Когда изучаю хроники космической гонки, чаще всего обращаюсь к досье Алексея Леонова. Родившийся в лесной глуши Кемеровского края, он превратил детские наброски самолётов в маршрут к звёздам. Упорство, курсы штурмана в Чугуеве, отбор в первый советский отряд космонавтов — каждый штрих к портрету героя сложен как мозаика смальты. Прыжок в бездну 18 марта 1965 года […]

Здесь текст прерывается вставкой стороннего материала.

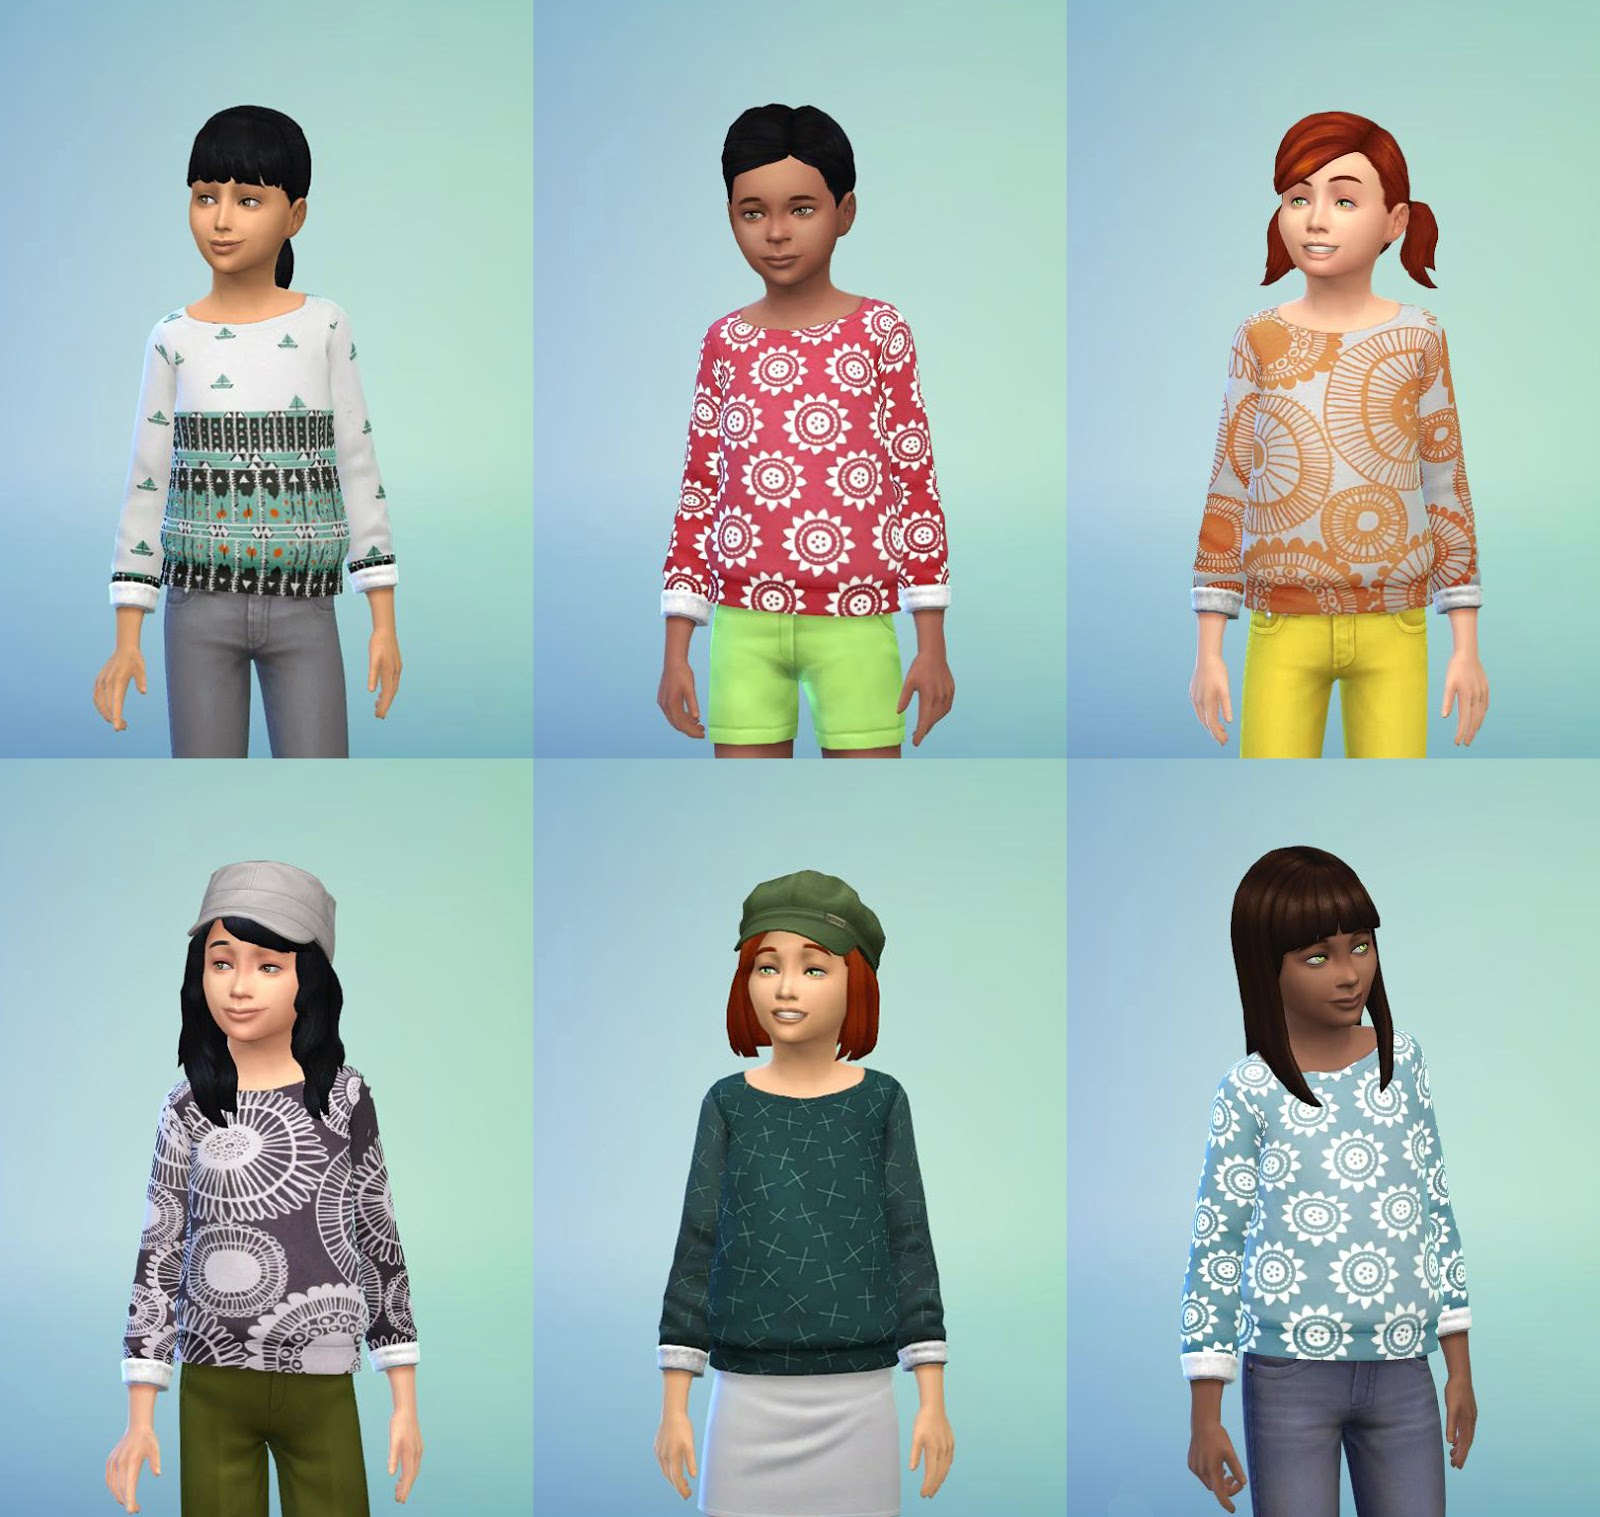 Sims 4 mods sim child. SIM children симс 4. SIMS 4 Mod child. Симс 4 малыши. Симс 4 моды child clothes.

Когда изучаю хроники космической гонки, чаще всего обращаюсь к досье Алексея Леонова. Родившийся в лесной глуши Кемеровского края, он превратил детские наброски самолётов в маршрут к звёздам. Упорство, курсы штурмана в Чугуеве, отбор в первый советский отряд космонавтов — каждый штрих к портрету героя сложен как мозаика смальты.
Прыжок в бездну
18 марта 1965 года «Восход-2» вышел на орбиту. Через надувной шлюз «Волга» Леонов сделал девяностосекундный марш-бросок в вакуум — первый человечий шаг вне корпуса корабля. Скафандр «Беркут» раздувался подобно горячему кукурузному зерну, суставы блокировались, а сбруя баков с кислородом превращалась в кандалы. Ради грамма подвижности космонавт опустил давление, рискуя азотной эмболией. Мне приходилось видеть фотокопии телеметрии: пульс прыгнул до 180 ударов, уровень СО₂ подскочил шумовым сигналом «червонец».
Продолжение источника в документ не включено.